Funniest Quarantine Jokes
- Why did the chicken cross the road? Because the chicken behind it didn’t know how to socially distance properly.
- Two grandmothers were bragging about their precious darlings. One of them says to the other, “Mine are so good at social distancing, they won’t even call me.”
- Who’s idea was it to sing “Happy Birthday” while washing your hands? Now every time I go to the bathroom, my kids expect me to walk out with a cake.
- My husband purchased a world map and then gave me a dart and said, “Throw this and wherever it lands—that’s where I’m taking you when this pandemic ends.” Turns out, we’re spending two weeks behind the fridge.
- Ran out of toilet paper and started using lettuce leaves. Today was just the tip of the iceberg, tomorrow romaines to be seen.
- My mom always told me I wouldn’t accomplish anything by lying in bed all day. But look at me now, ma! I’m saving the world!
- After years of wanting to thoroughly clean my house but lacking the time, this week I discovered that wasn’t the reason.

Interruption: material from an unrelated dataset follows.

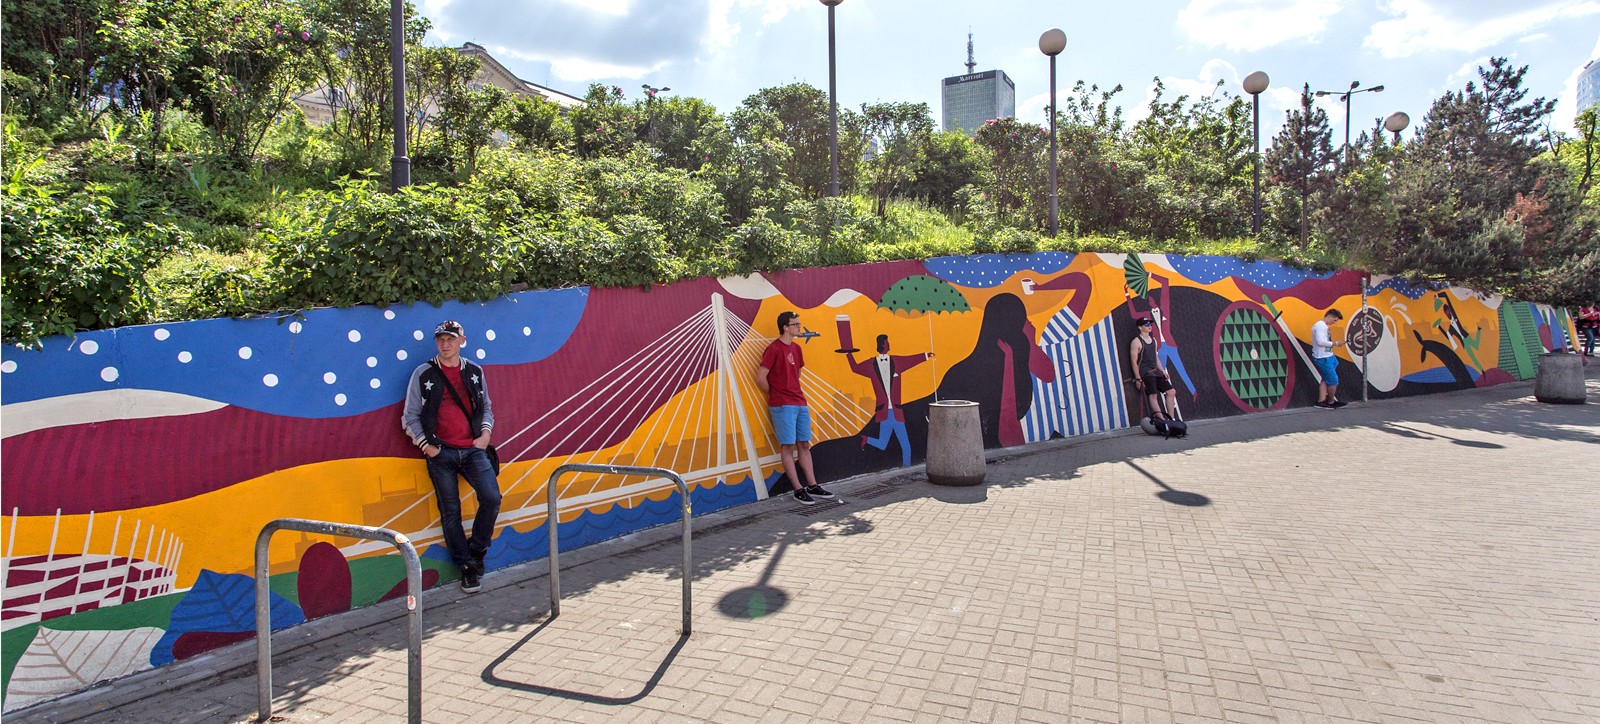 Plac przy metrze centrum w Warszawie z namalowanym przez artystów muralem z okazji kampanii reklamowej marki Costa Coffee | kampania murali dla Costa Coffee - Polscy ilustratorzy | Portfolio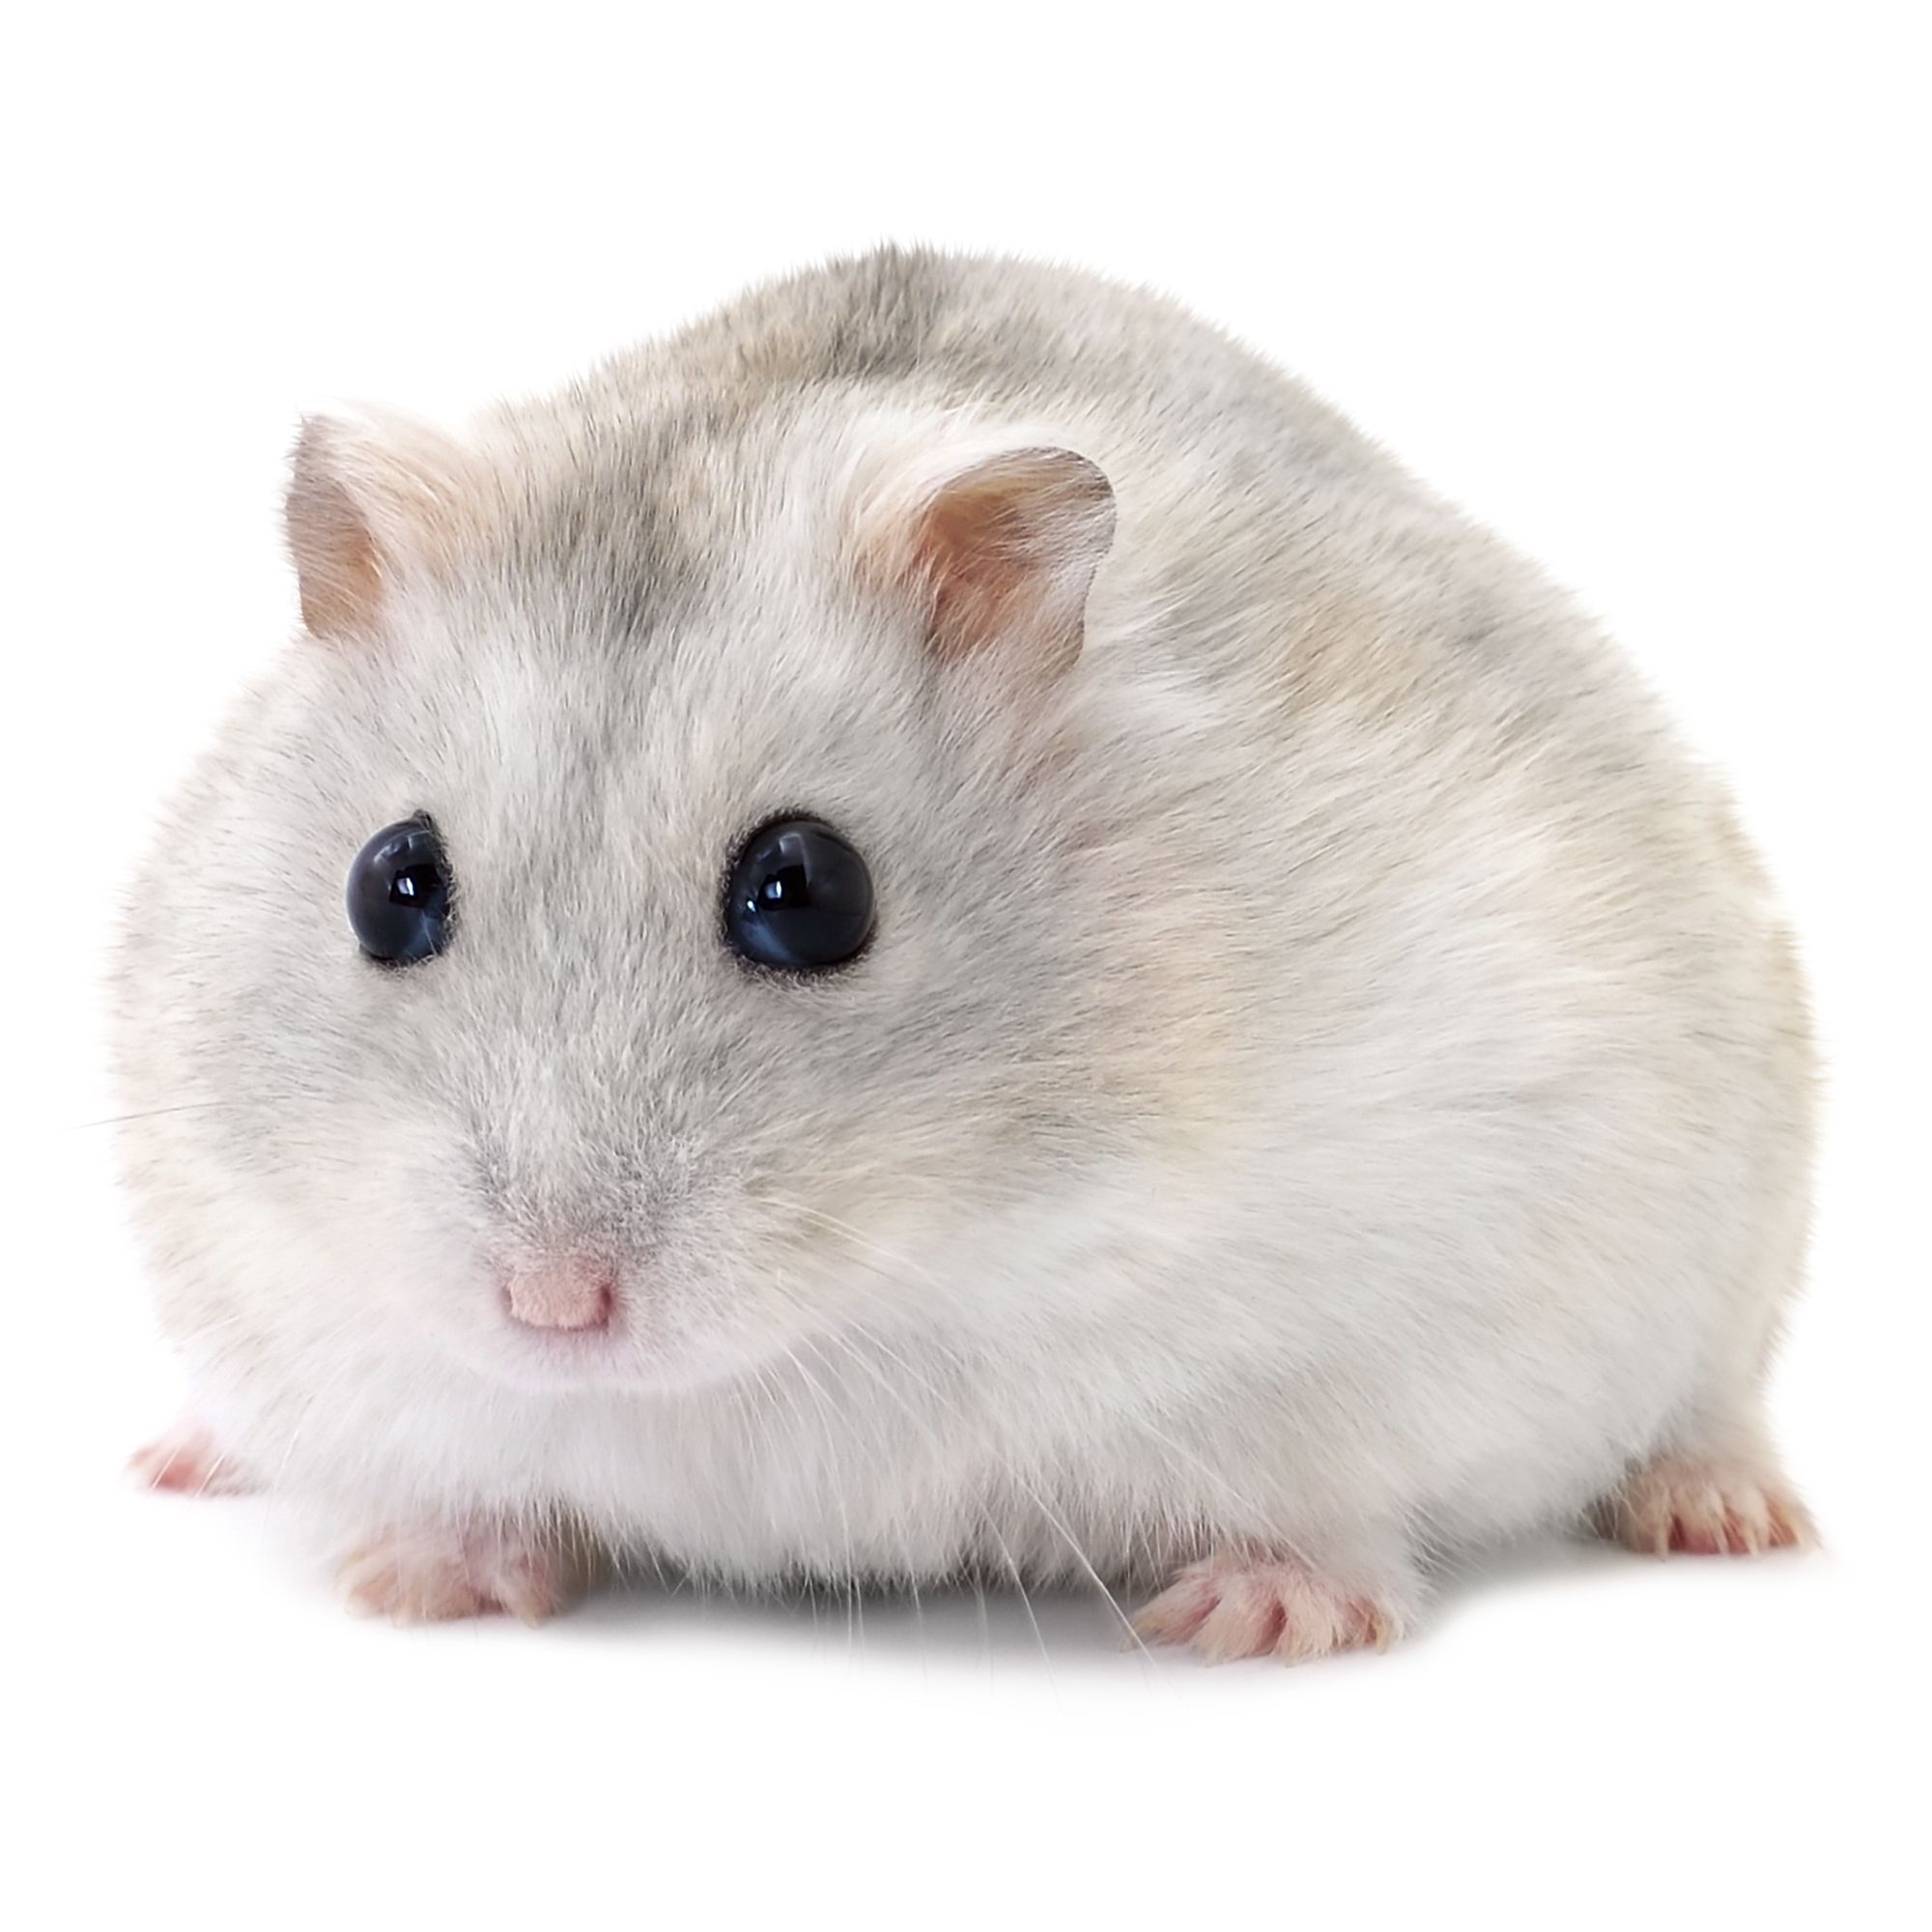 male russian dwarf hamster

- If I keep stress-eating at this level, the buttons on my shirt will start socially distancing from each other.
- Every few days try your jeans on just to make sure they fit. Pajamas will have you believe all is well in the kingdom.
- Yesterday I ran out of soap and body wash and all I could find was dish detergent. Then it Dawned on me.
- Being quarantined with a talkative child is like having an insane parrot glued to your shoulder
- I never thought the comment “I wouldn’t touch them with a six-foot pole” would become a national policy, but here we are!
- The World Health Organization announced that dogs cannot contract COVID-19. Dogs previously held in quarantine can now be released. To be clear, WHO let the dogs out.
- Since we’re all in quarantine I guess we’ll be making only inside jokes from now on.
- I’m not talking to myself, I’m having a parent-teacher conference.
- This morning I saw a neighbor talking to her cat. It was obvious she thought her cat understood her. I came into my house, told my dog–we laughed a lot.
- Nothing like relaxing on the couch after a long day of being tense on the couch.
- I finished Netflix today.
- Pollen still coming out during a global pandemic? Bitch read the room.
- – Knock knock. Who is there? Seriously, don’t touch my door and get back 6 meters to social distance.
- Day 121 at home and the dog is looking at me like, “See? This is why I chew the furniture!”